PROBLEM DETAILS:
The expected output is the full data, repeated exactly, without pictures.

====== STORED DATA

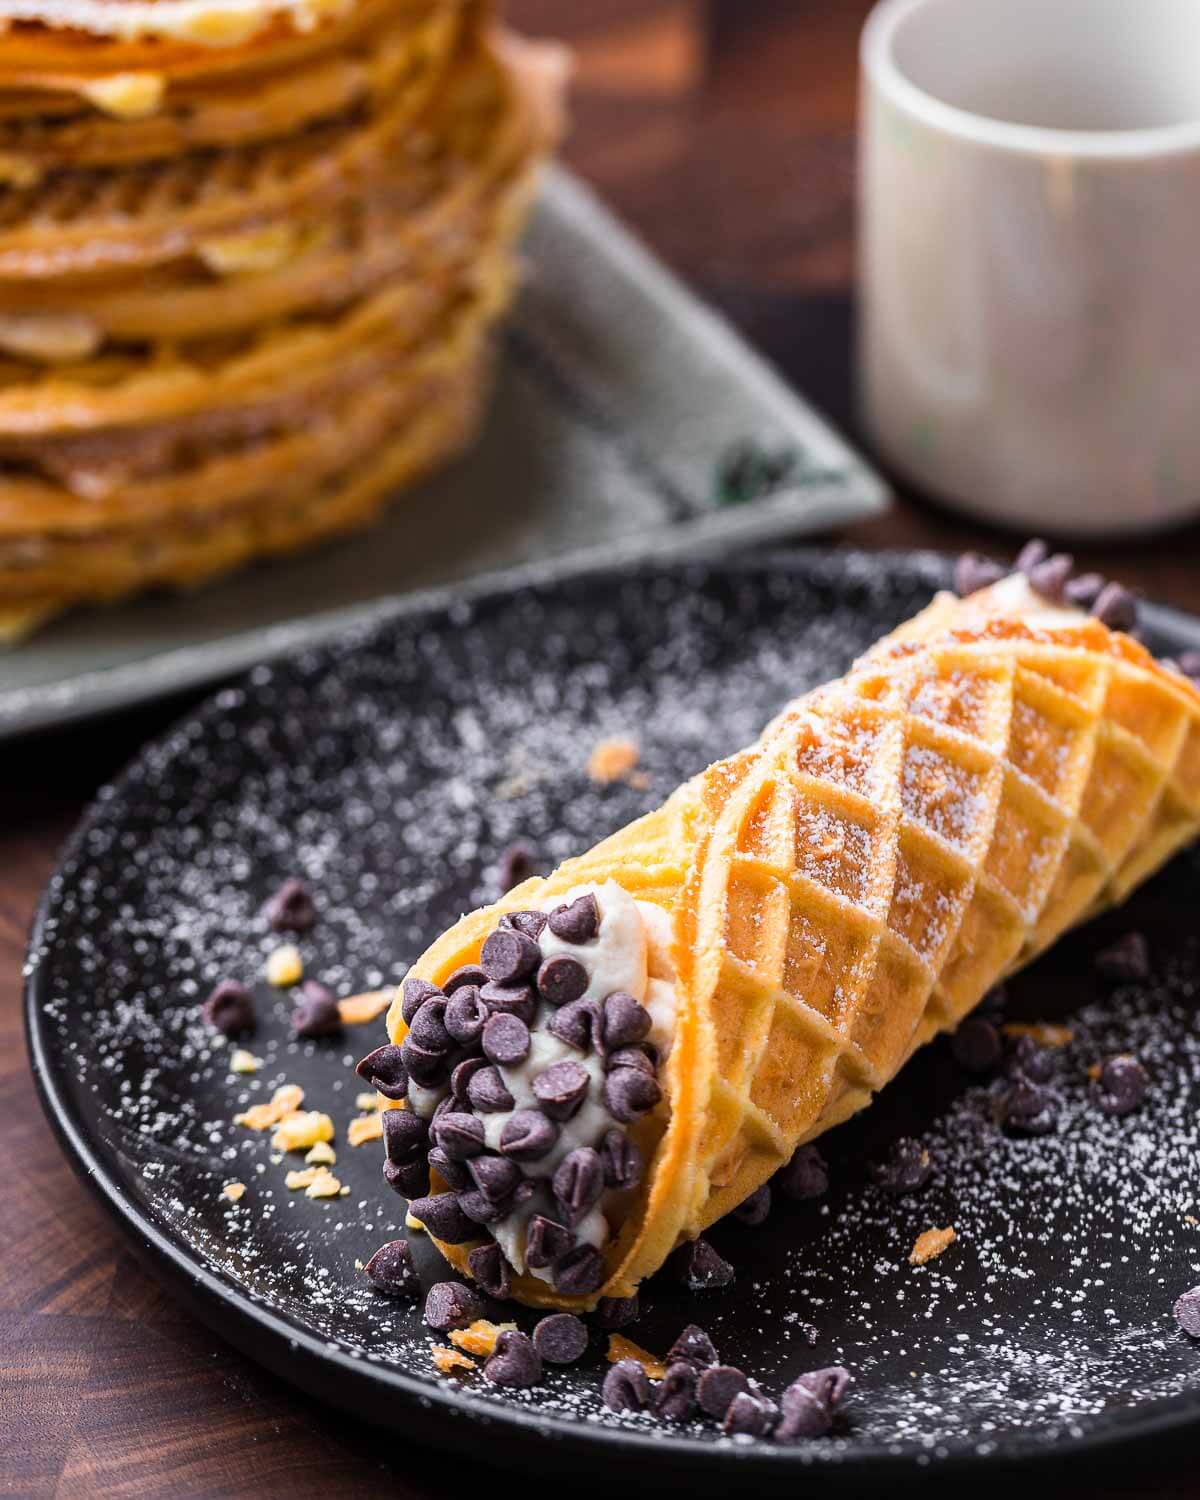 Pizzelle cannoli on black plate with coffee and stack of pizzelles in the background.
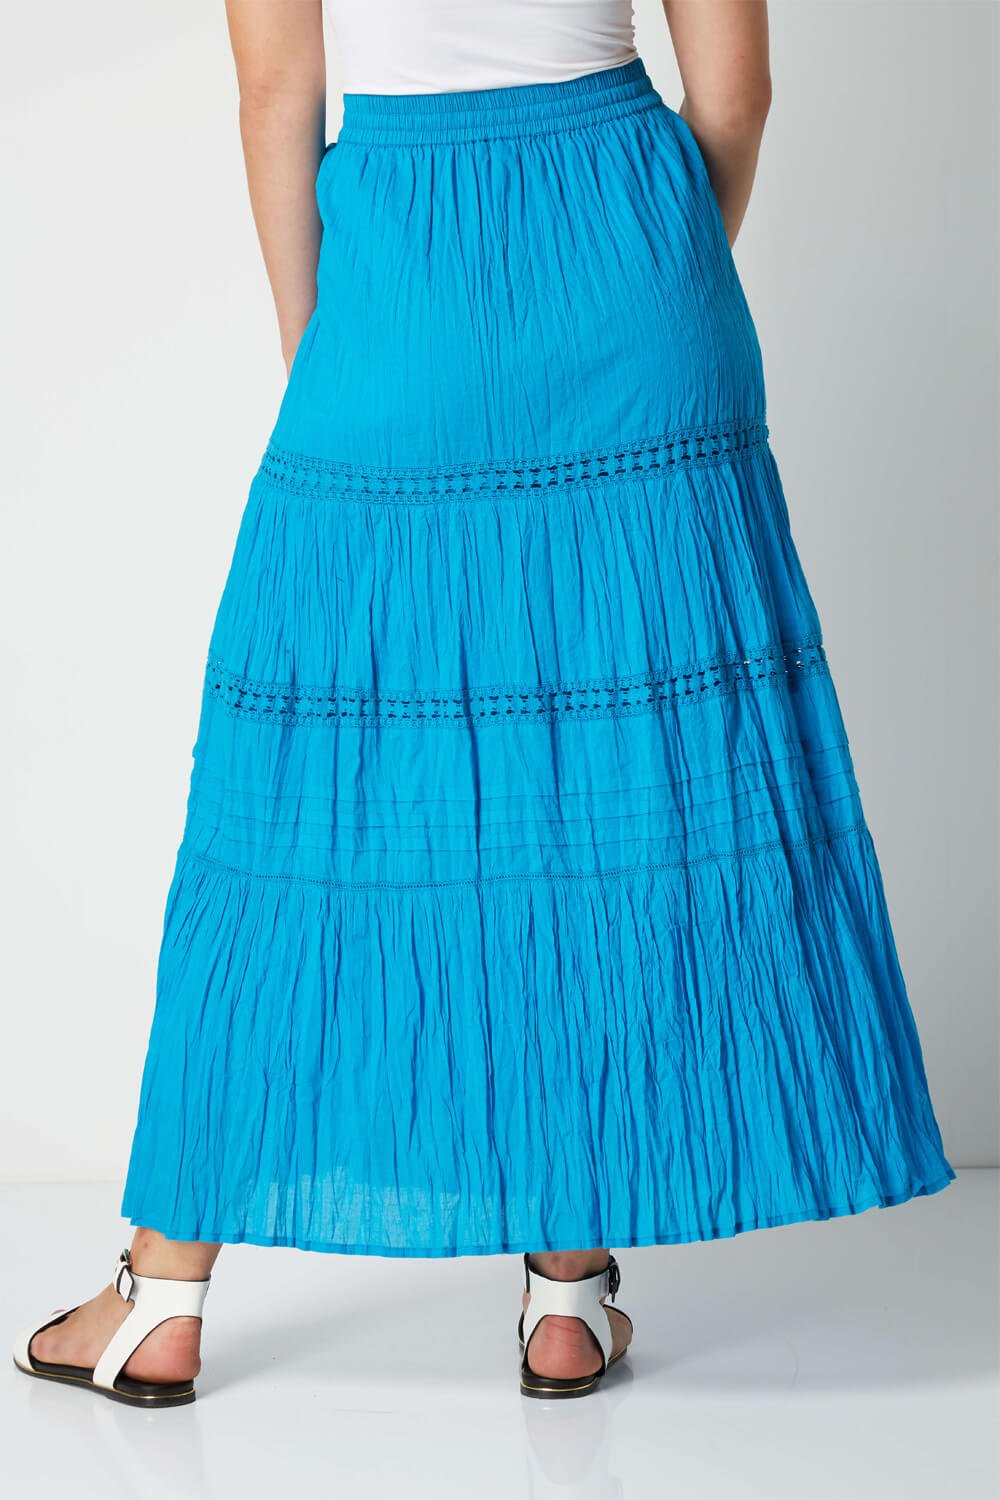 Tiered Gypsy Maxi Skirt in Turquoise - Roman Originals UK
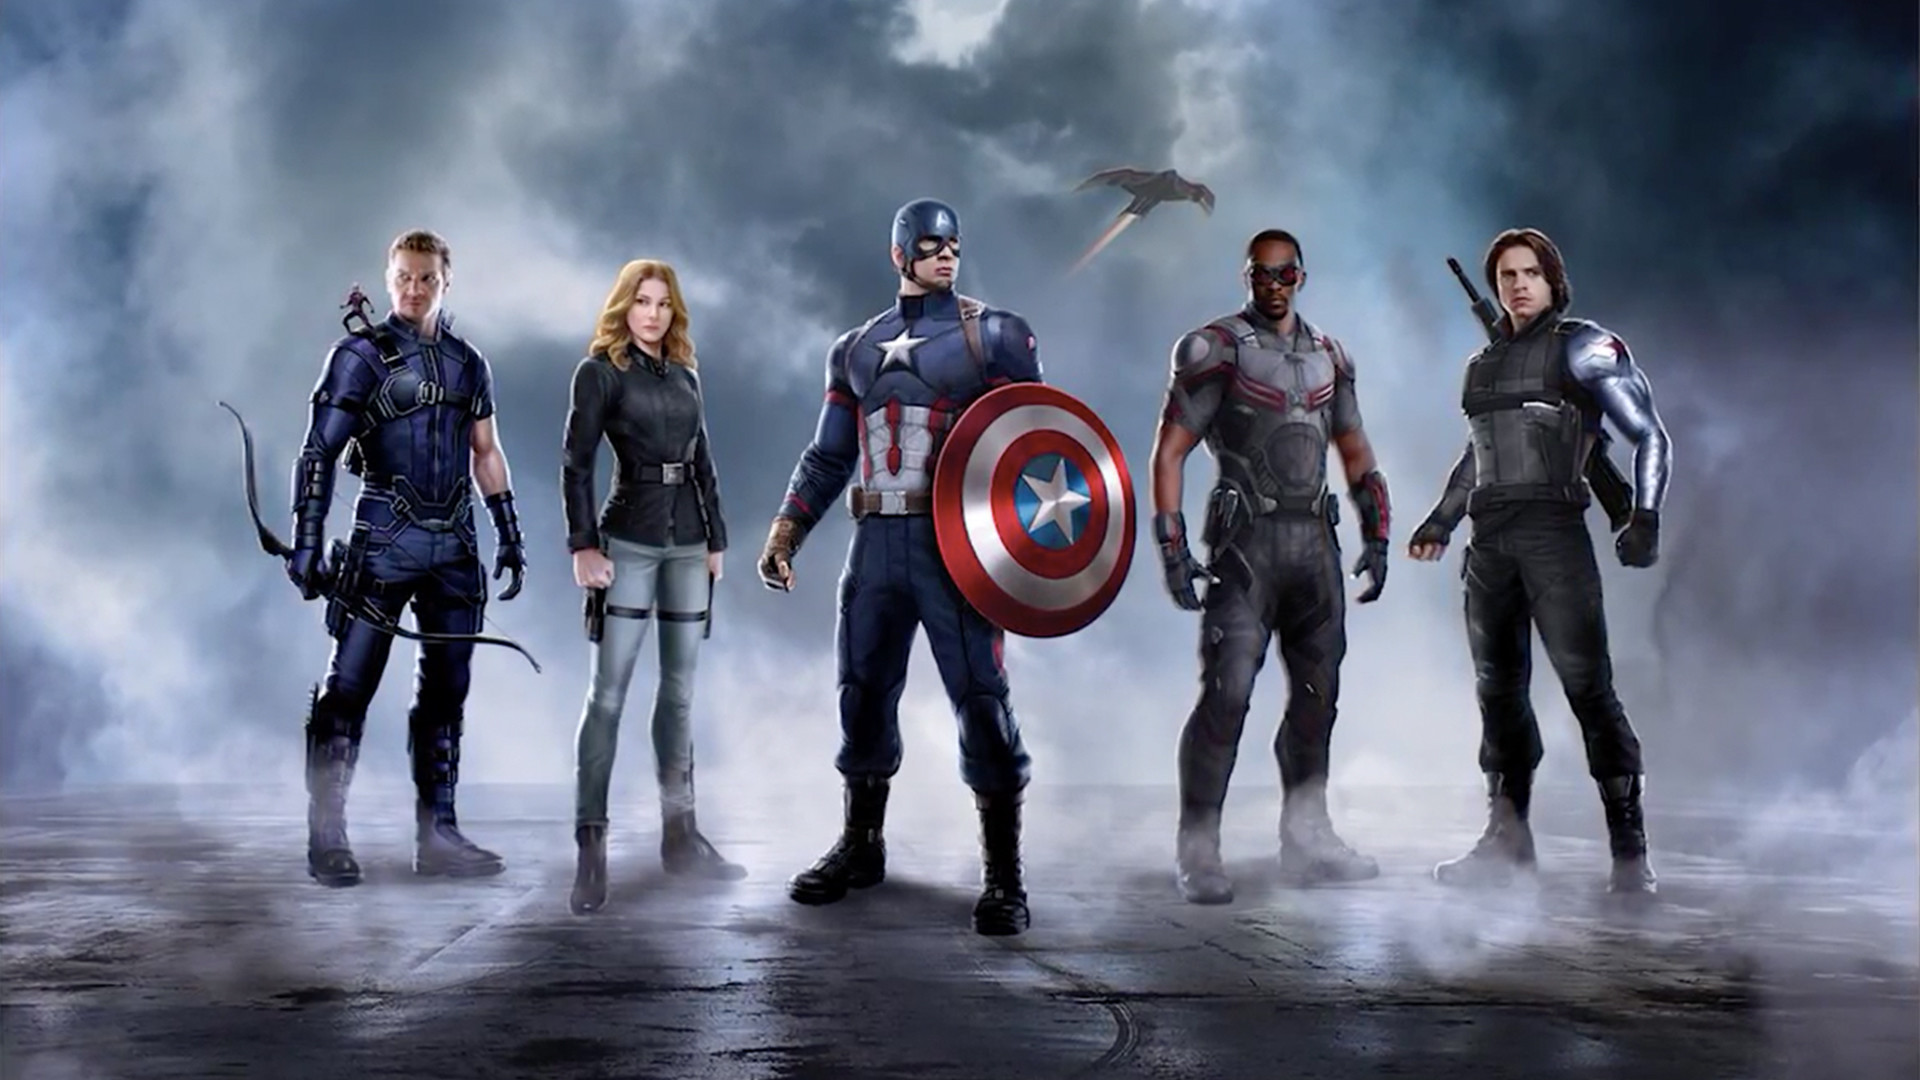 1920x1080 Free Fine Captain America Civil War Images on your Ipad

============

YOUR SOLUTION:
 Pizzelle cannoli on black plate with coffee and stack of pizzelles in the background.
 Tiered Gypsy Maxi Skirt in Turquoise - Roman Originals UK
 1920x1080 Free Fine Captain America Civil War Images on your Ipad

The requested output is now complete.